How to calculate food cost
Food cost percentage tells you how much of every ringgit of food sales is consumed by ingredients. The formula for a period is:
Food Cost % = (Beginning Inventory + Purchases − Ending Inventory) ÷ Food Sales × 100
The numerator — beginning inventory plus purchases minus ending inventory — is your cost of goods used. Divide by the food sales that used those goods and you get the percentage.
Theoretical vs actual food cost
There are two food cost numbers, and the difference between them is where money is made or lost:
- Theoretical food cost — what your recipes and sales mix say you should have spent. It is calculated from costed recipes multiplied by items sold.
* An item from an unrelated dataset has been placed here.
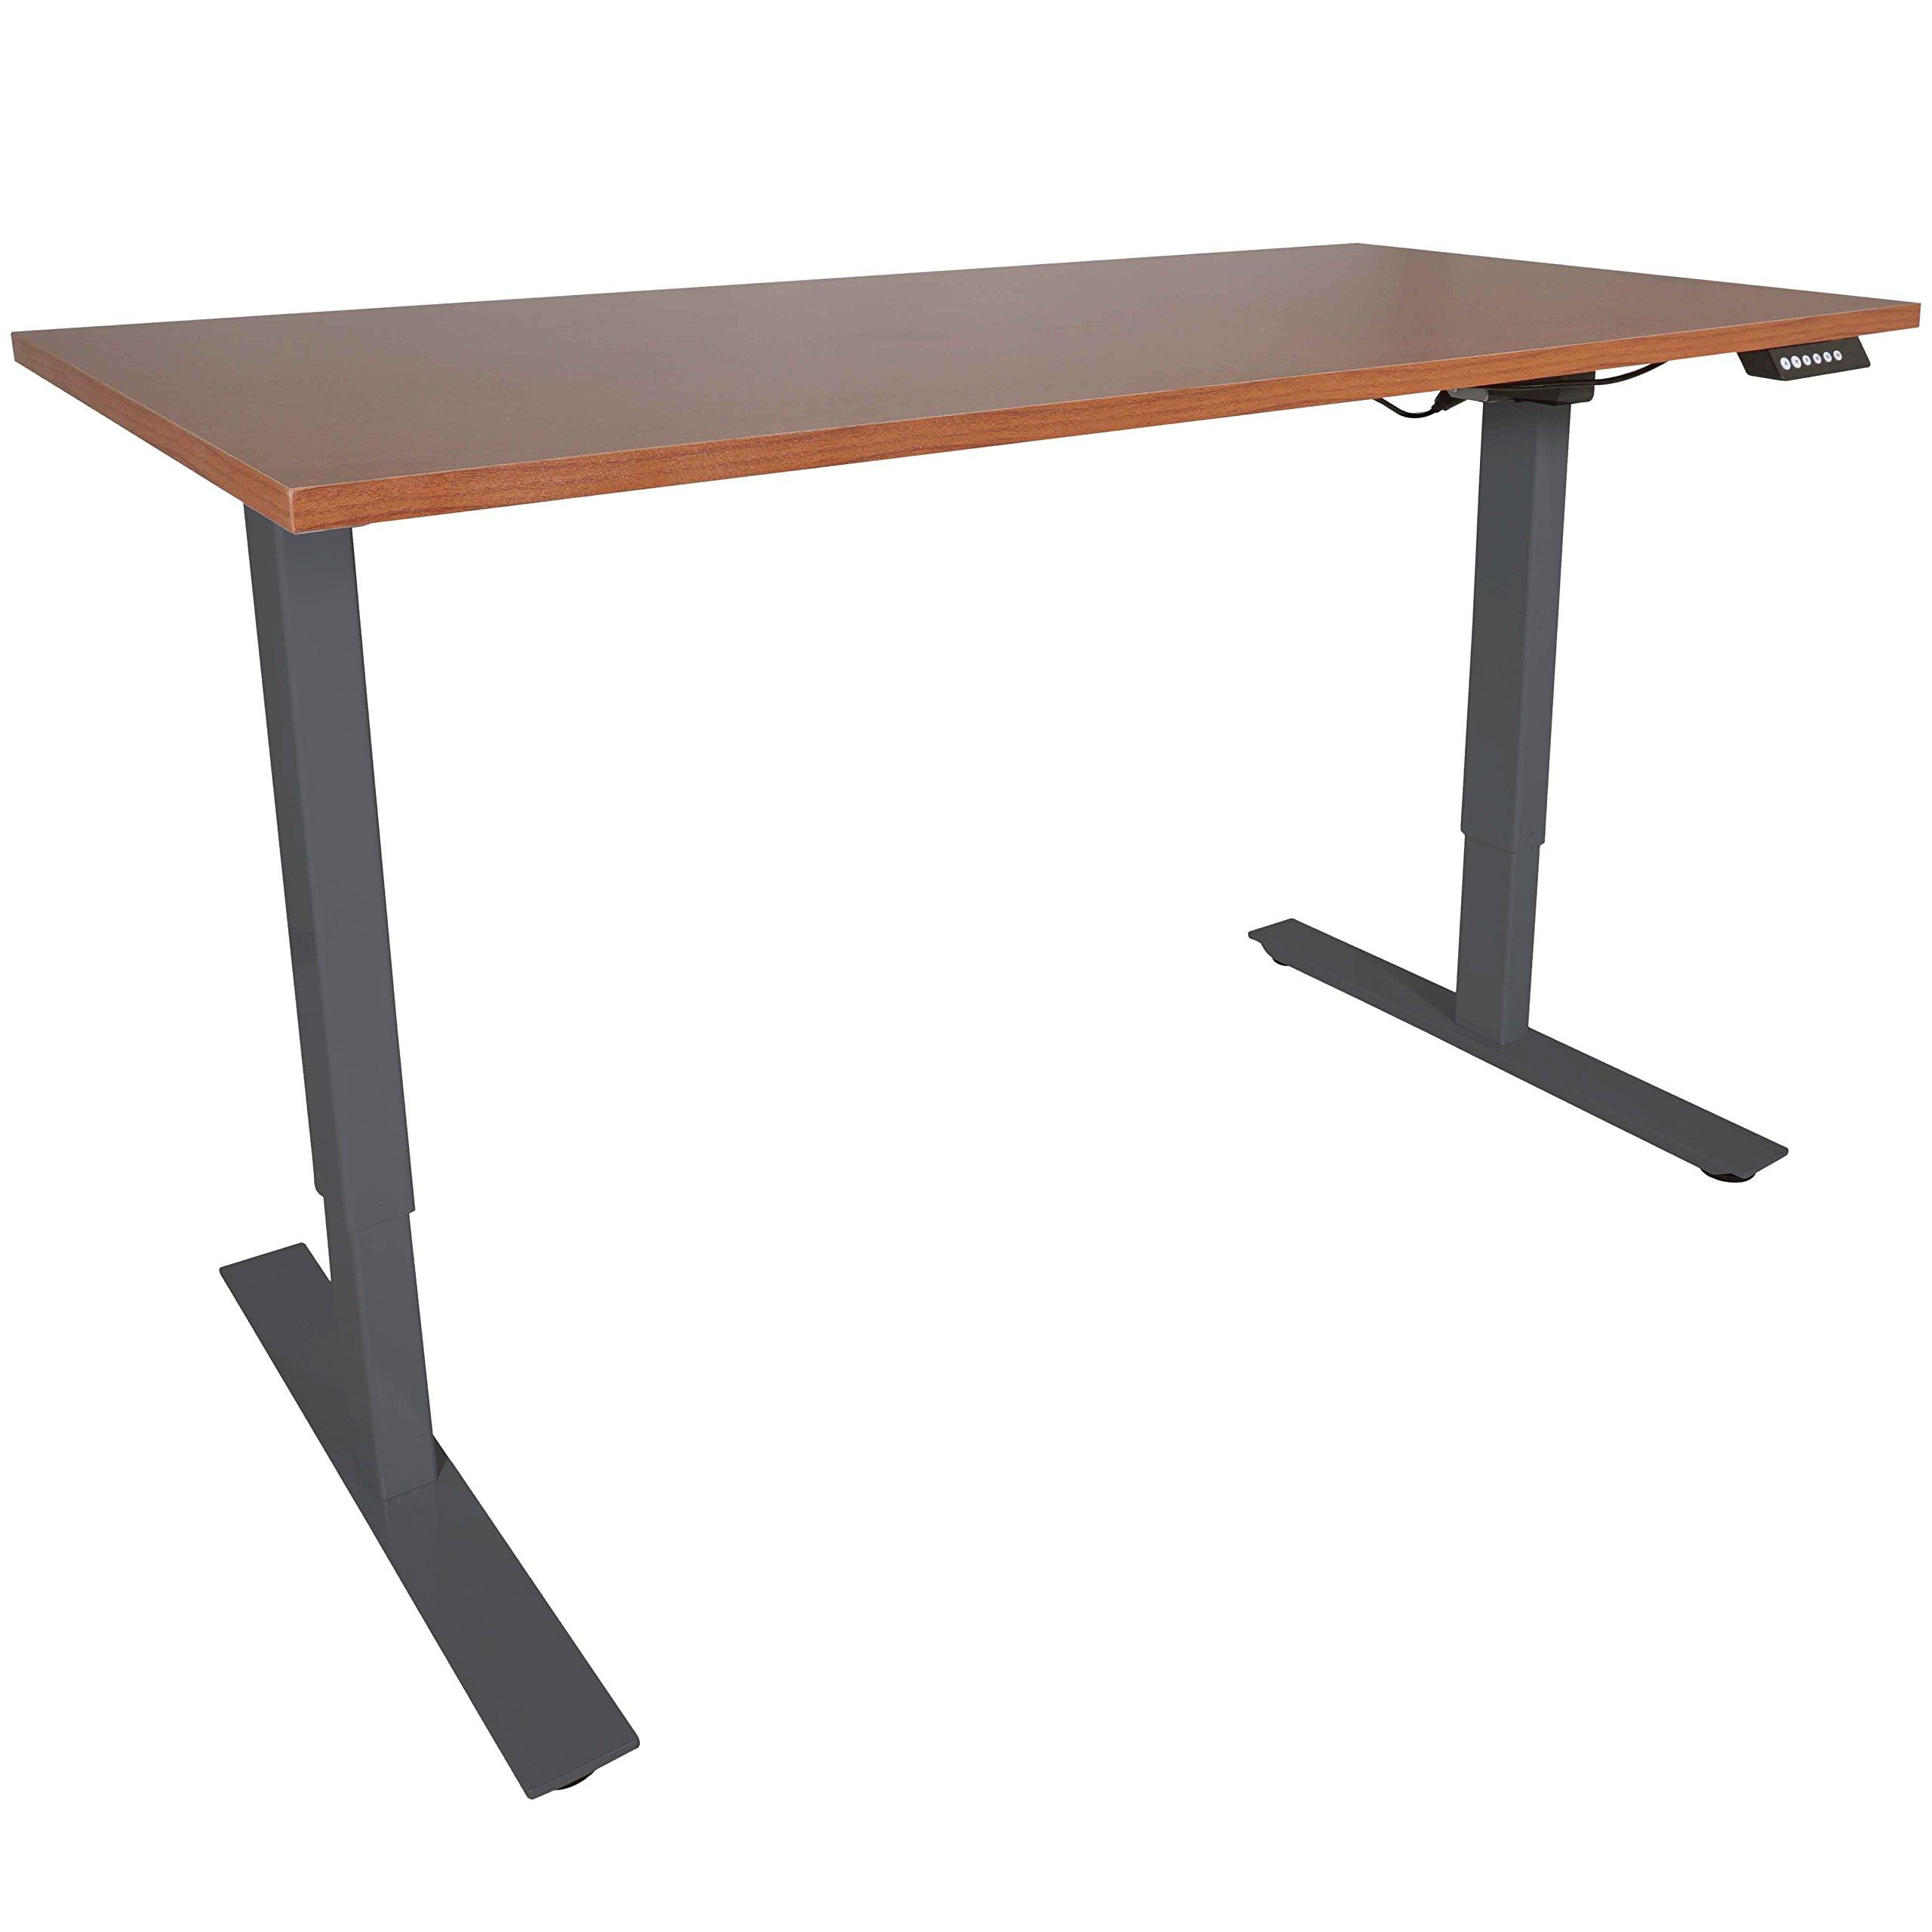 TITAN FITNESS A2 Single Motor Sit/Stand Desk w/Wood 30''x60'' Top Conversion

- Actual food cost — what you really spent, from purchases and inventory counts.
If theoretical food cost is 30% but actual is 35%, that 5-point gap is money lost to waste, over-portioning, theft, spoilage or unrecorded comps. On RM1m of food sales that is RM50,000 a year.
Where food cost leaks
- Over-portioning — plates going out heavier than the recipe.
- Waste and spoilage — poor prep, over-ordering, bad rotation.
- Yield loss — trim and shrinkage not accounted for in recipes.
- Receiving errors — paying for product you didn't get.
- Price creep — supplier prices rising without menu reprice.
Bringing food cost back to target
- Re-cost your top 20 selling recipes with current supplier prices.
- Standardise portions and put scales on the line.
- Count high-value inventory weekly.
- Compare theoretical vs actual and chase the biggest variance.
- Reprice or re-engineer dishes below target margin.